Professor of Law and Society at Oxford

Matthew Weait (born 24 August 1963) is director of the Oxford University Department for Continuing Education, fellow of Harris Manchester College and professor of law and society at the University of Oxford.

==Biography==
Weait studied law and criminology at Gonville and Caius College, University of Cambridge (1982–86) and completed his doctoral research at the Centre for Socio-Legal Studies, University of Oxford (1995). He was called to the Bar of England and Wales in 1999. In 2009 he was awarded an MA in creative writing from Birkbeck College. He is a Fellow of the Academy of Social Sciences, Fellow of the Royal Society for Public Health and a Bencher of The Honourable Society of the Middle Temple.

Weait was lecturer at Birkbeck College (1992–1999), the Open University (2000–2004) and Keele University (2004–07).
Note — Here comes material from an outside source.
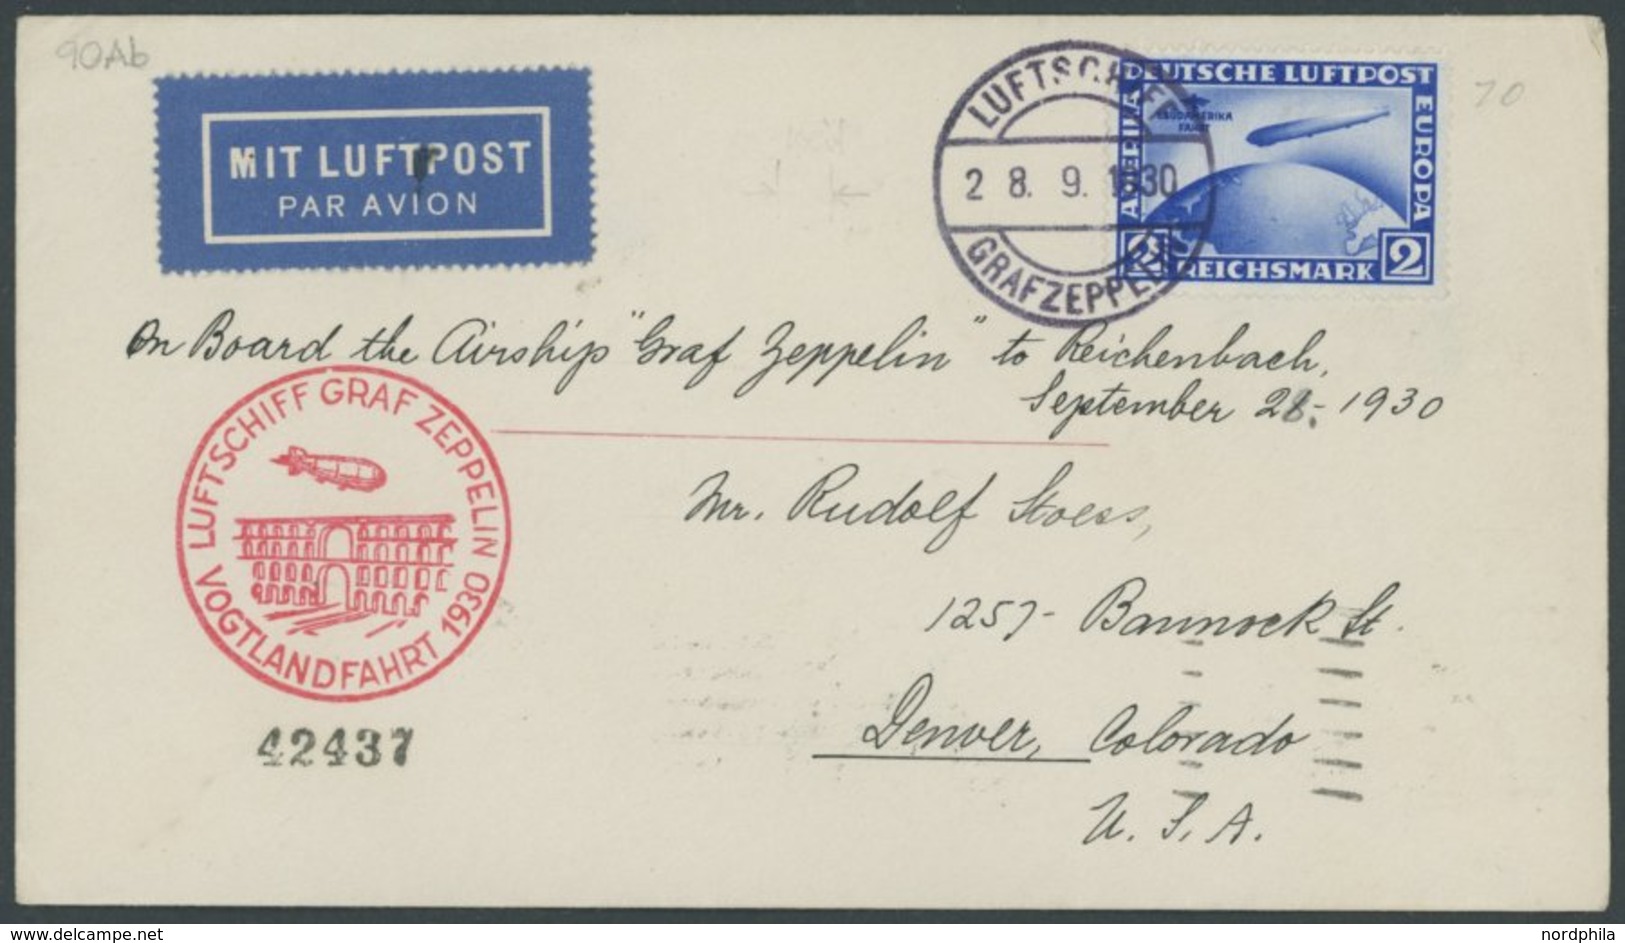 ZEPPELINPOST 90Ab BRIEF, 1930, Vogtlandfahrt, Bordpost Der Hinfahrt, Nach Denver/Colorado, Frankiert Mit 2 RM, Prachtbri - Airmail & Zeppelin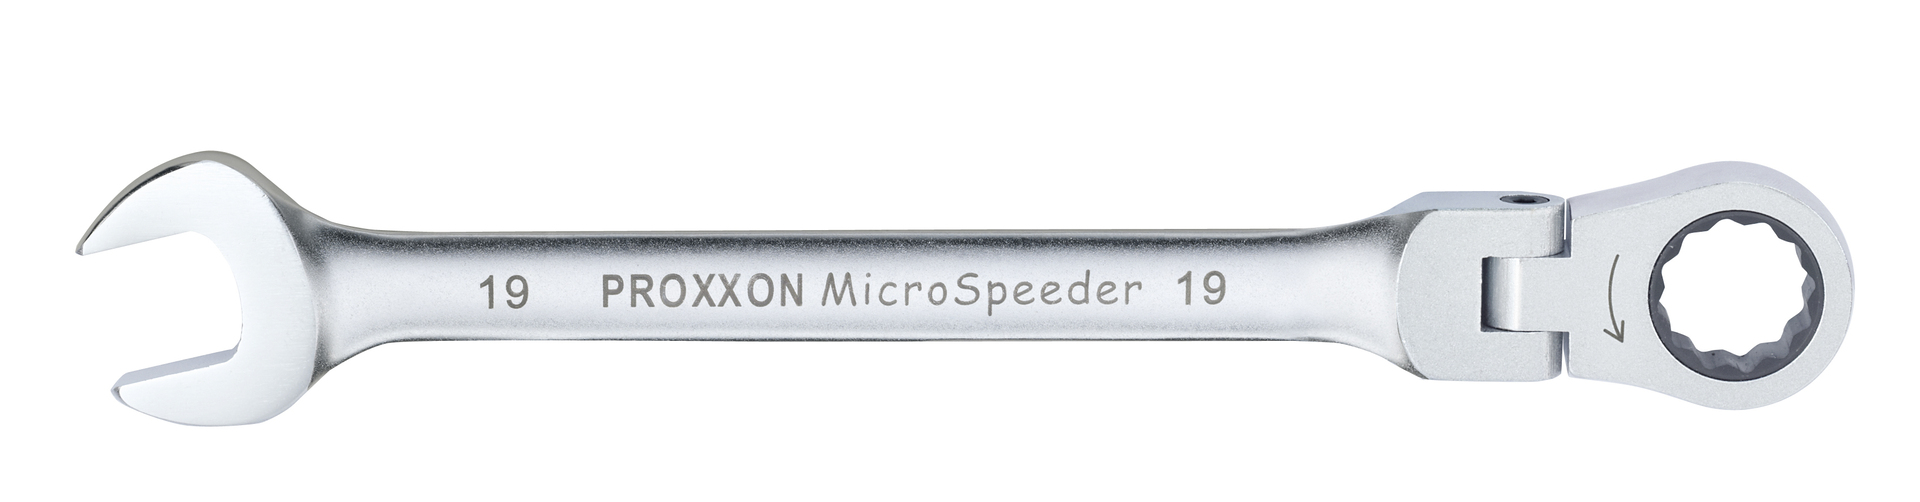 PROXXON GmbH MICRO-Combispeeder mit Gelenk

He was appointed senior lecturer in law and legal studies at Birkbeck in 2007 and was promoted to reader in 2009. He was professor of law and policy at Birkbeck, and pro-vice-master (academic and community partnerships) from 2011 to 2015. From 2020 to 2022 he was deputy vice-chancellor at the University of Hertfordshire. Between 2002 and 2003 he was parliamentary research officer to Lord Lester of Herne Hill at the Odysseus Trust.

Weait's research centres on the impact of law on people living with HIV and AIDS, and he has published in this area. His monograph Intimacy and Responsibility: the Criminalisation of HIV Transmission was published in 2007. He was a member of the Technical Advisory Group for the Global Commission on HIV and the Law and the Joint Academic Stage Board of the Solicitors Regulation Authority and the Bar Standards Board. Weait's short stories have been published in the Fish Anthology and the Institute Review, and his story "the days he had seen" was shortlisted for the 2009 Bridport Prize.